In the data below, locate the line containing "New York, New" and the line containing "cPanel logo displayed", then retype both and everything between them exactly. Pictures are not part of the copy.

> **Task material**
------------------------
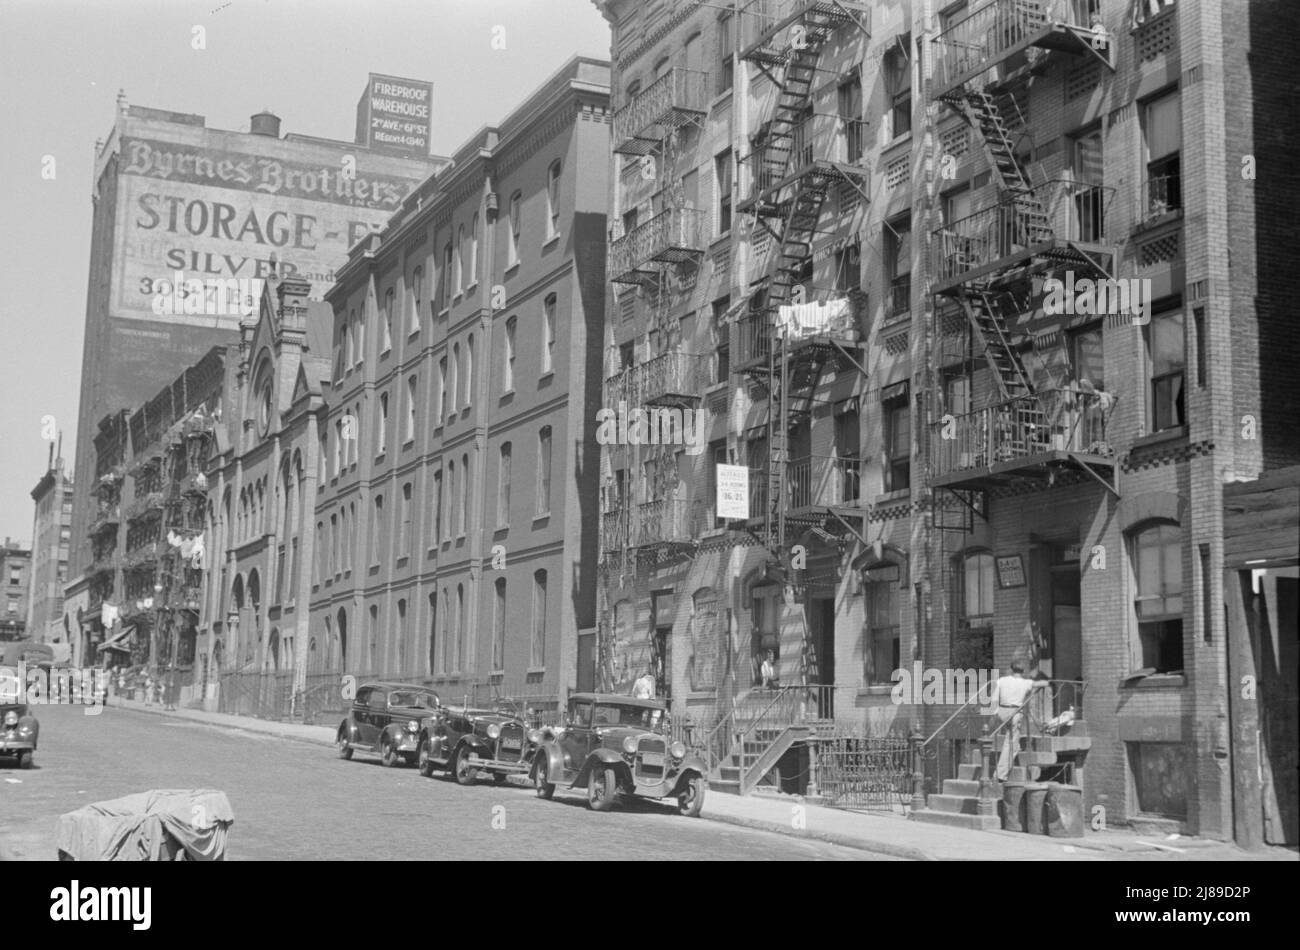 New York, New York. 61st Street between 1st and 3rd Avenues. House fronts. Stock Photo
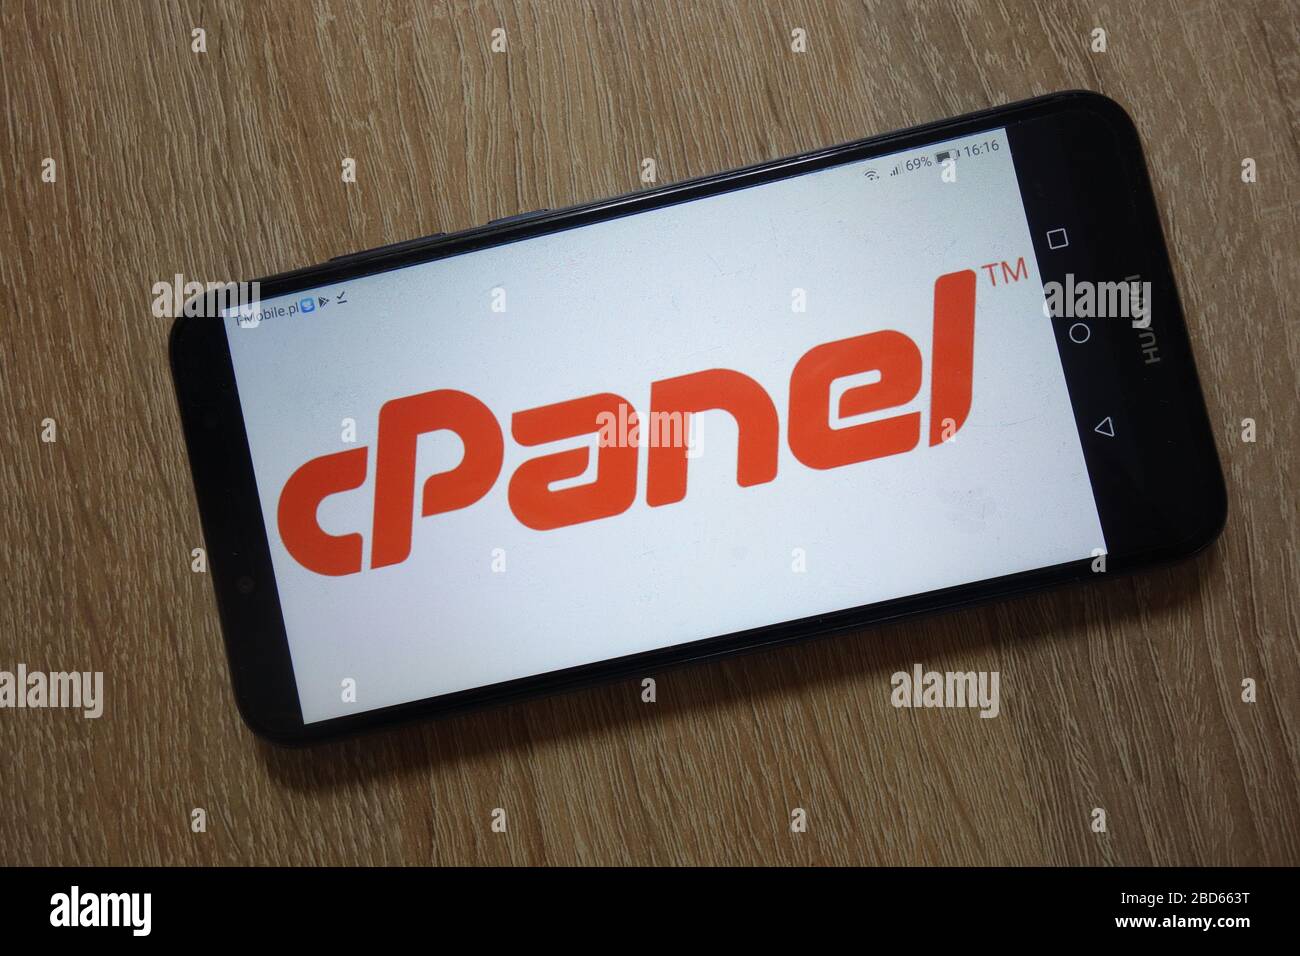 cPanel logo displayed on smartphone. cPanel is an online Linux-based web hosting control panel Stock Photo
------------------------
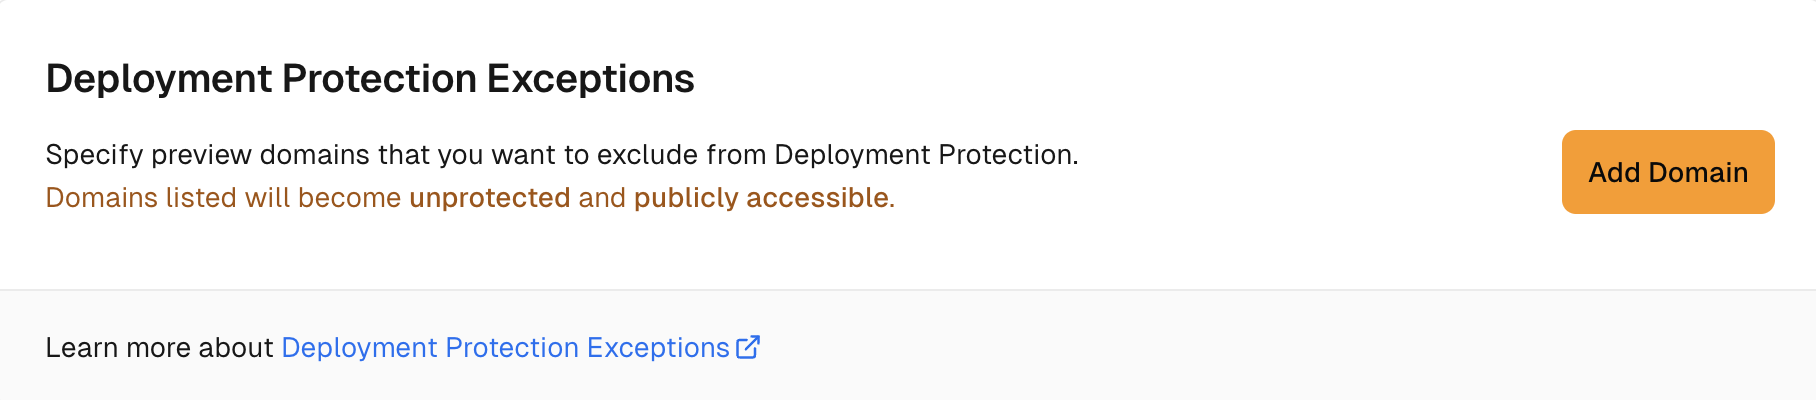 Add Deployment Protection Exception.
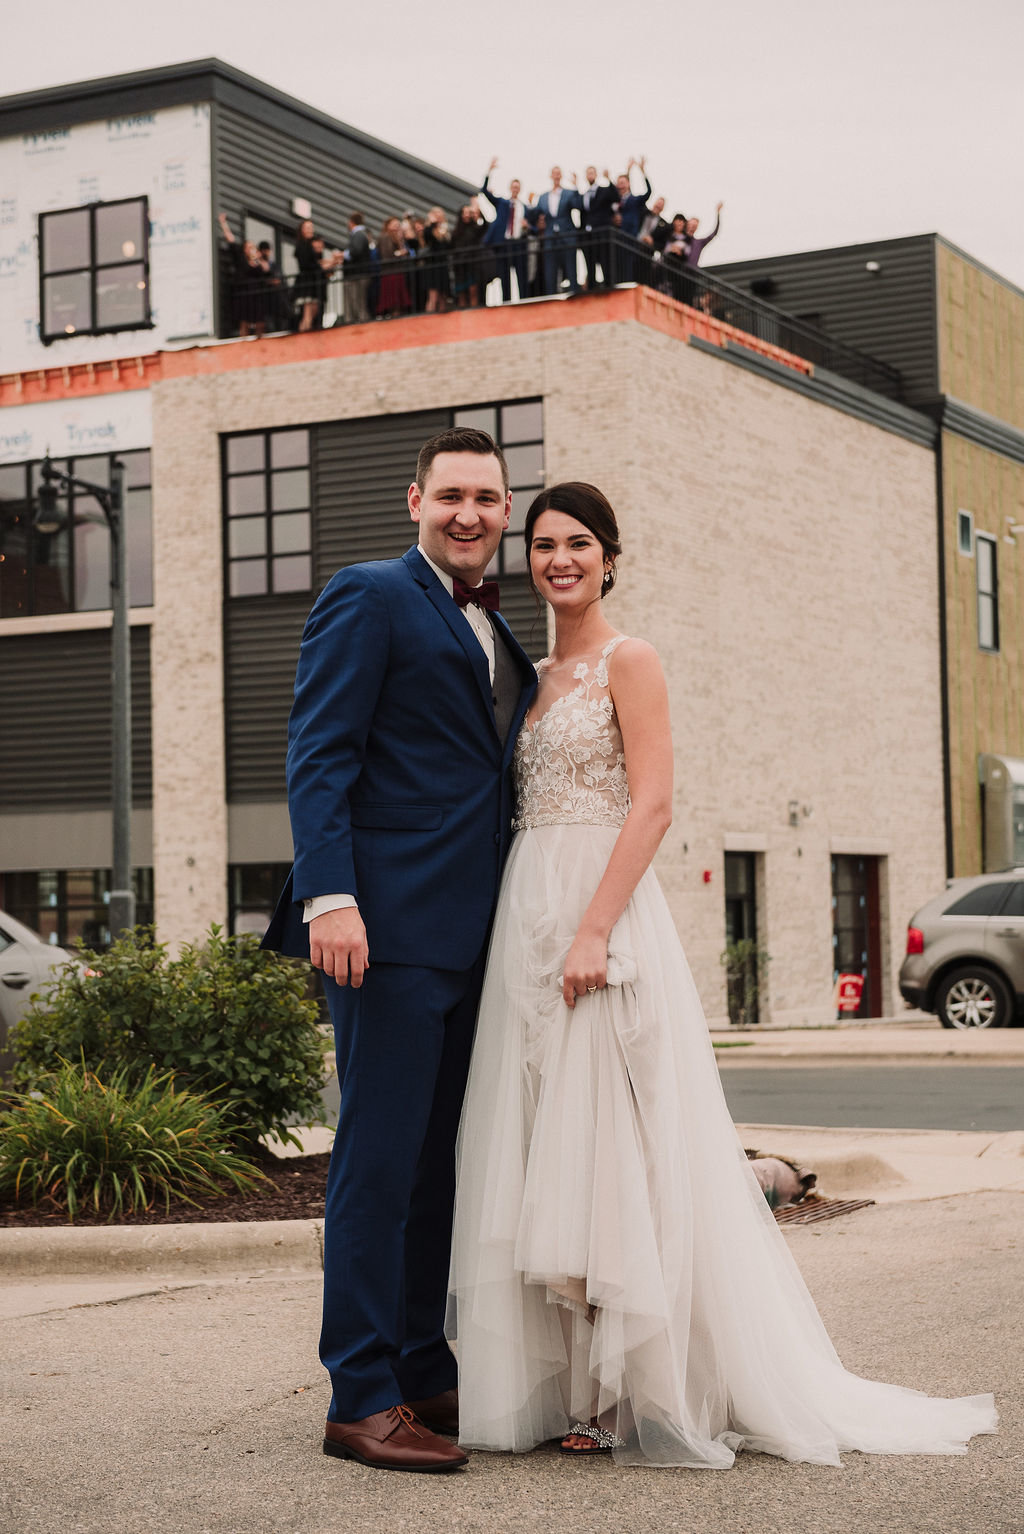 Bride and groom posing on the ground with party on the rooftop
------------------------
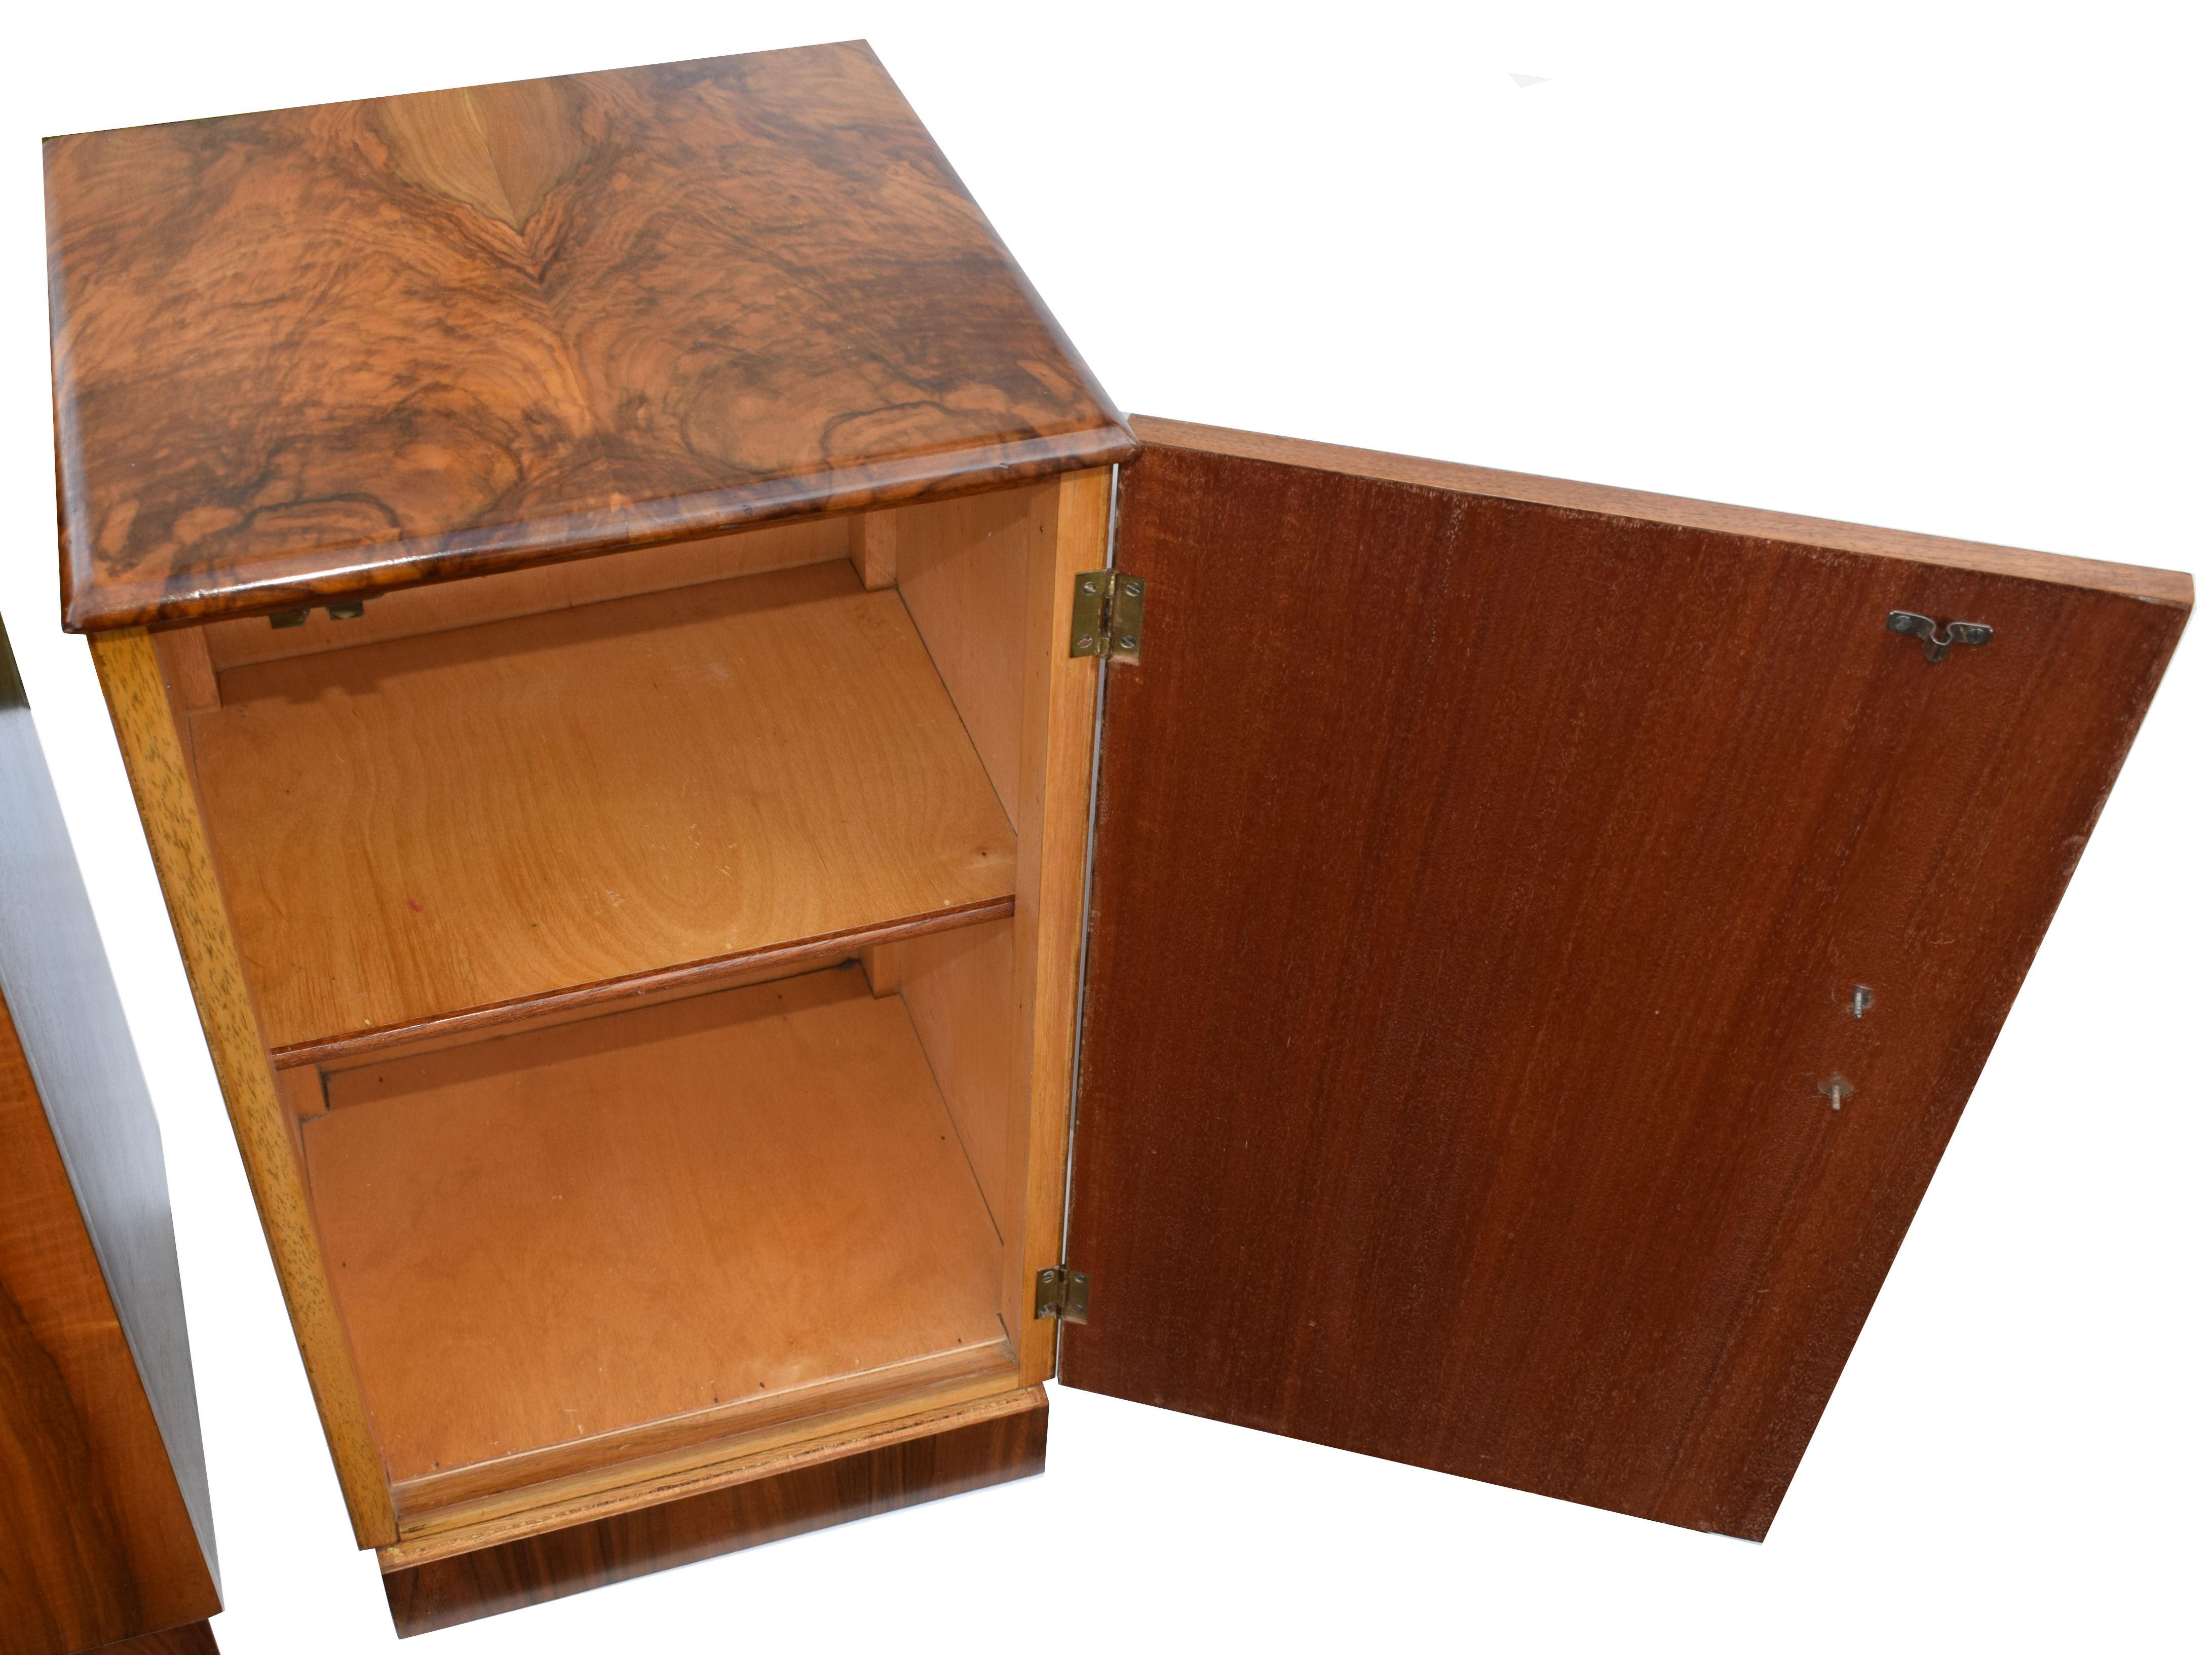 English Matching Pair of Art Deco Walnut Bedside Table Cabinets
------------------------
> **Written answer**
 New York, New York. 61st Street between 1st and 3rd Avenues. House fronts. Stock Photo
 cPanel logo displayed on smartphone. cPanel is an online Linux-based web hosting control panel Stock Photo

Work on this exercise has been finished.